The question however is how realistic that is in practice?

Unfortunately this came up in practice (see link above) so at least somewhat realistic.

knz commented 1 year ago

Making this better will be a non-trivial programming exercise. The power of the current framework comes directly from the conciseness of the rendering functions. Making this better by adding an extra mandatory argument (to count the call depth), or even worse by attempting to "flatten" the control flow by moving the recursion to a loop, would make the code unmaintainable and unextensible.
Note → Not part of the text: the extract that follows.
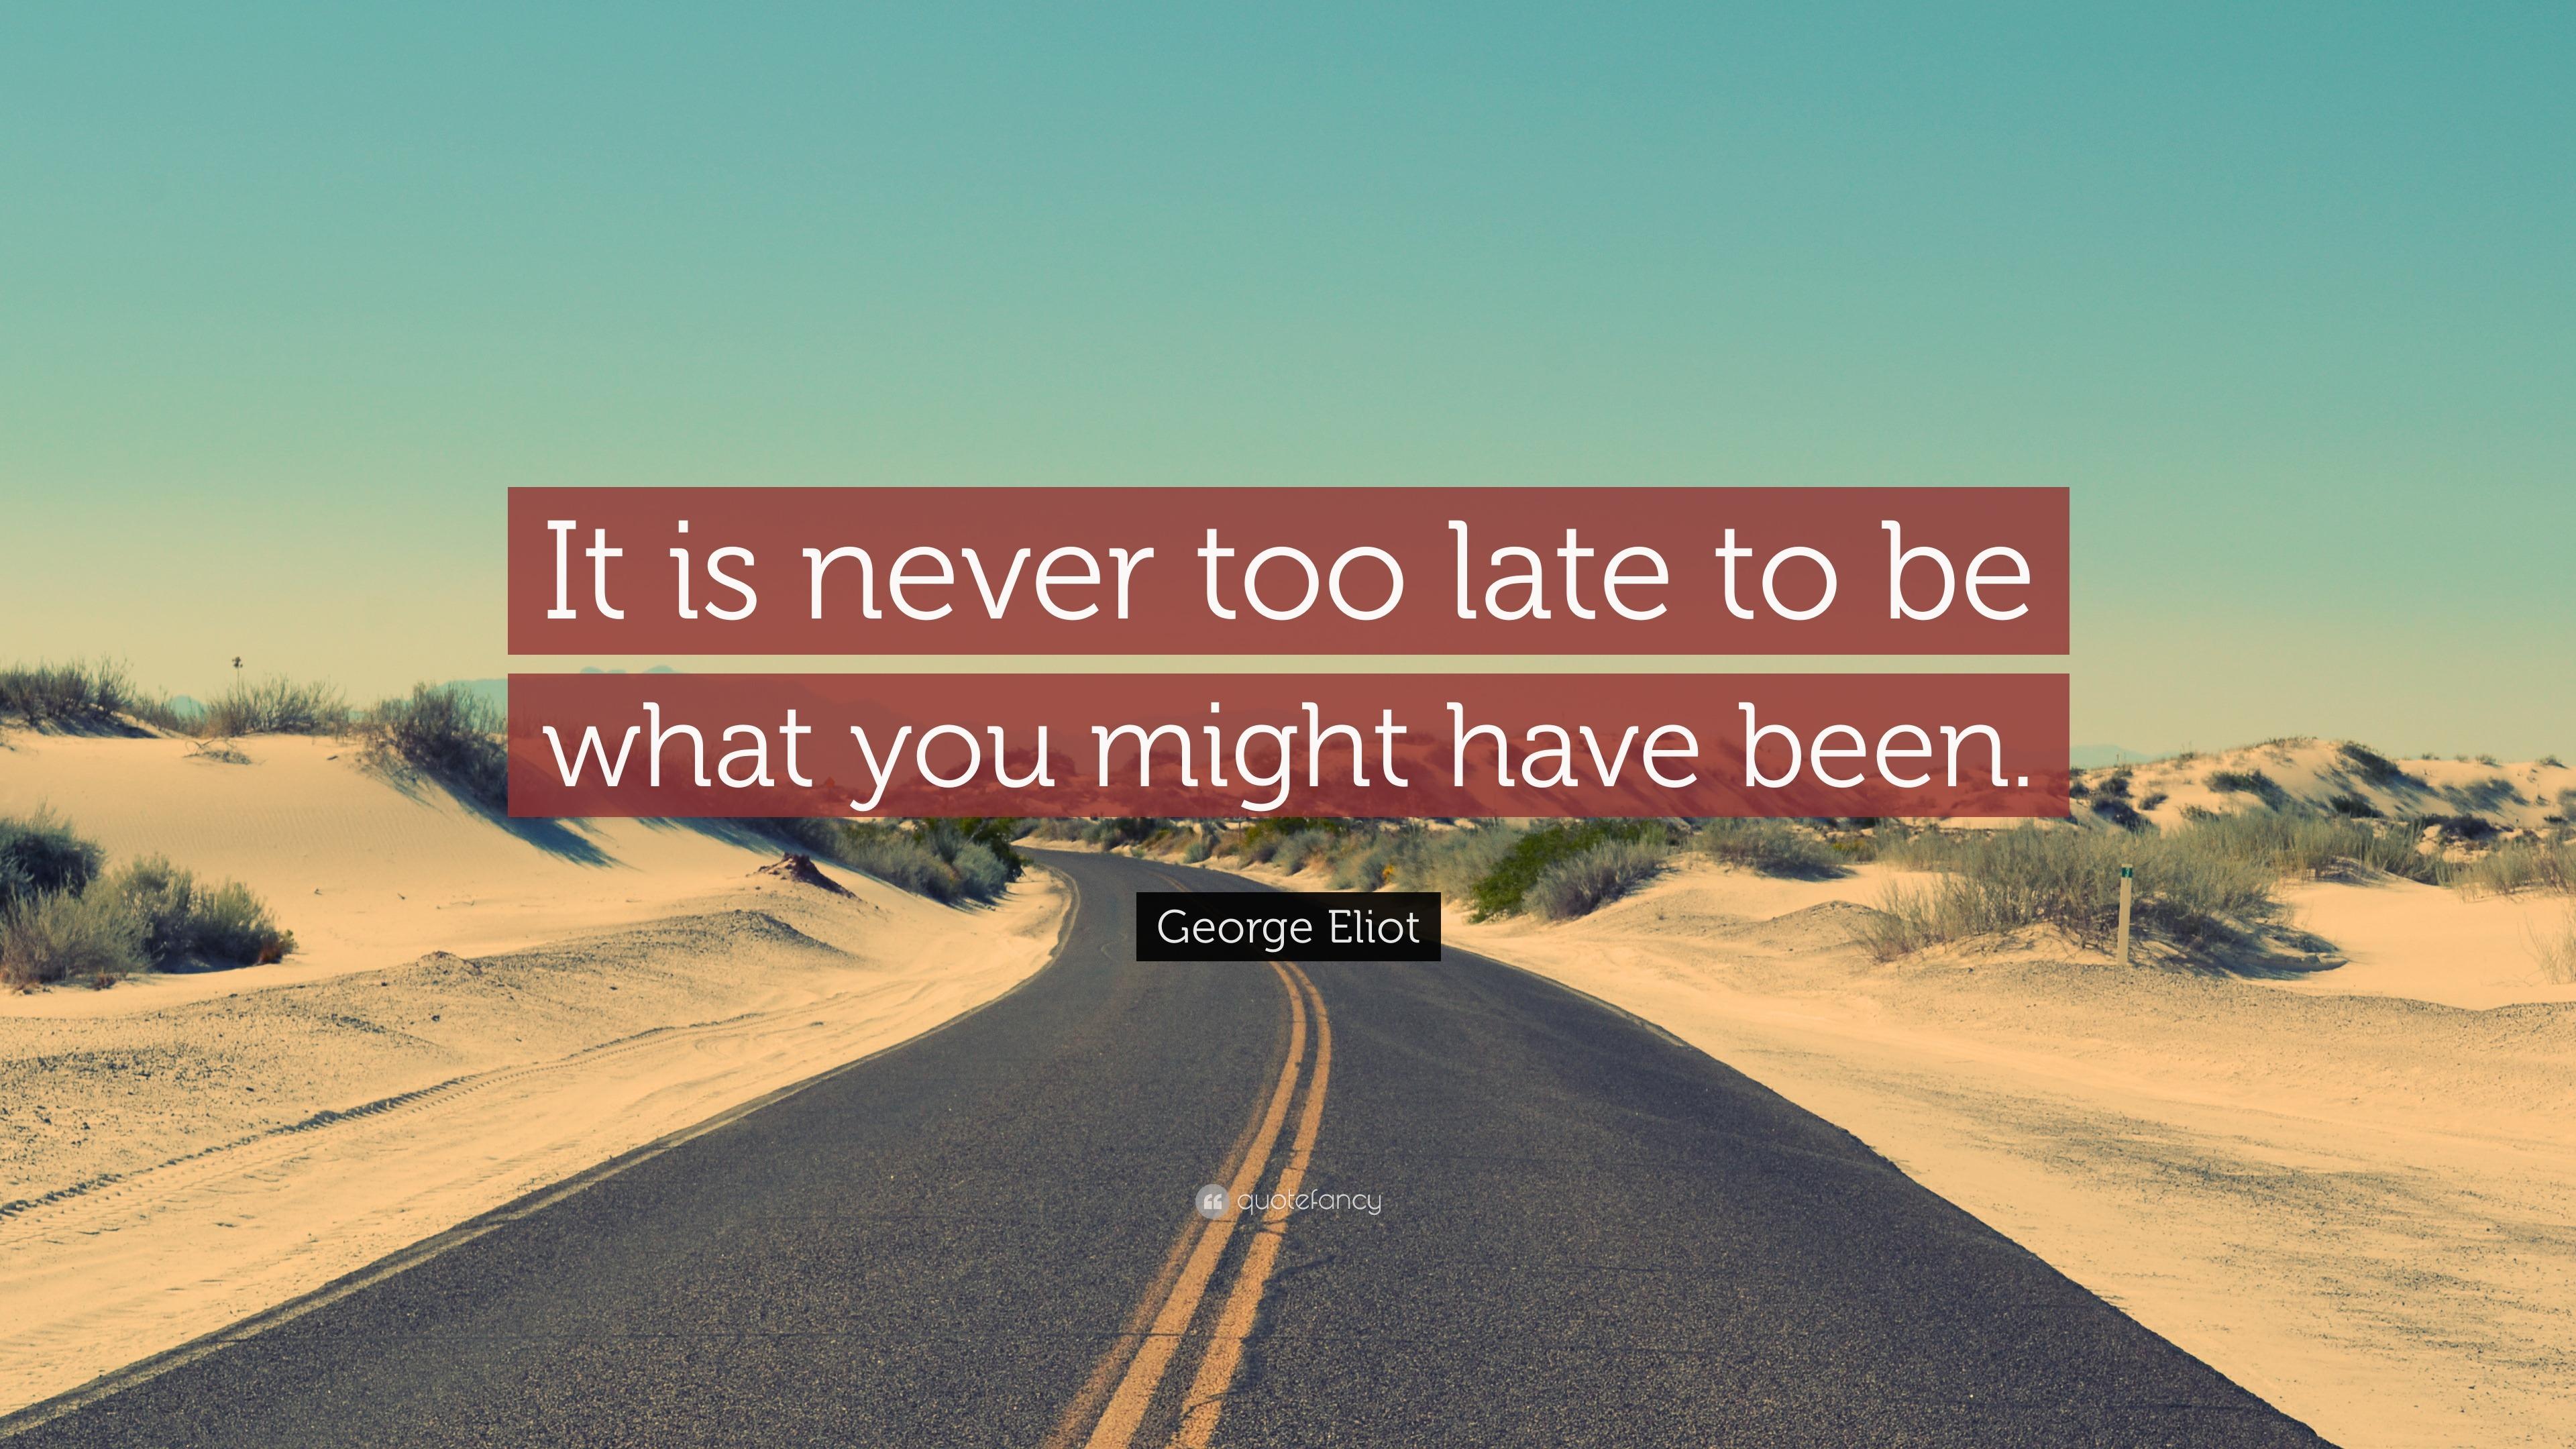 motivational bodybuilding quotes:
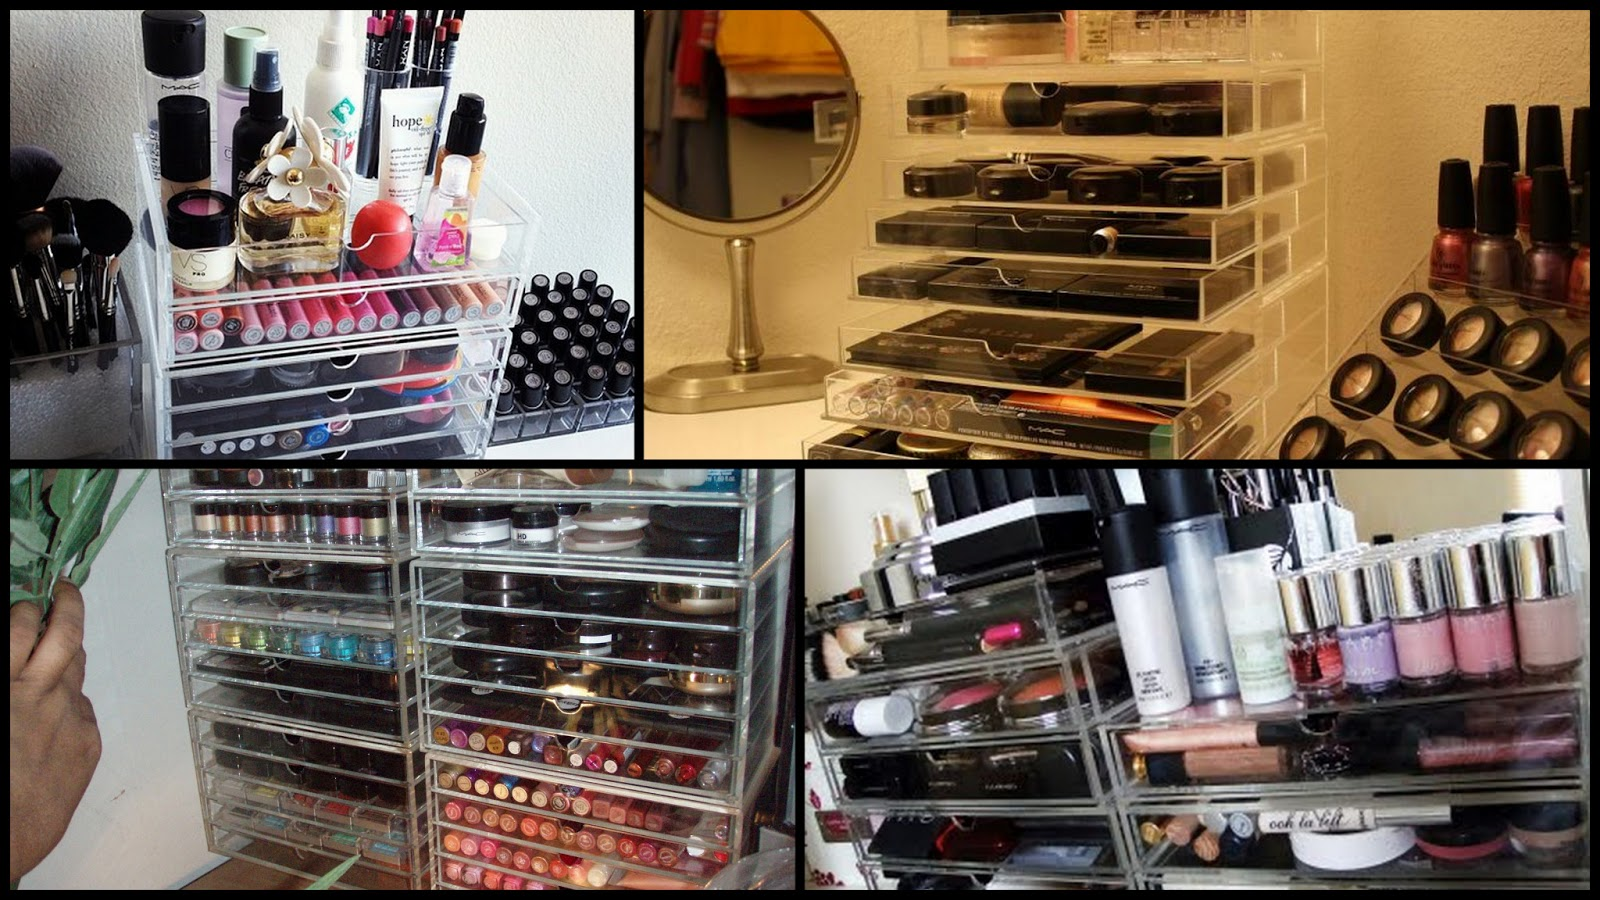 le boudoir d 39 ines comment ranger son make up quand on commence avoir une collection. Black Bedroom Furniture Sets. Home Design Ideas

My recommendation here would be to use code generation. Implement the rules in some kind of DSL then auto-generate the recursive code with the extra counting data structure passed explicitly by the code generator.

mgartner commented 1 year ago

Making this better will be a non-trivial programming exercise.

I came up with #110374, which catches the case @michae2 described, but curious what you think.

mgartner commented 1 year ago

I've also created #110375 because I don't believe we strictly need to pretty-print statements in statement bundles.

knz commented 1 year ago

I came up with https://github.com/cockroachdb/cockroach/pull/110374, which catches the case @michae2 described, but curious what you think.

:+1: let's continue the convo over there.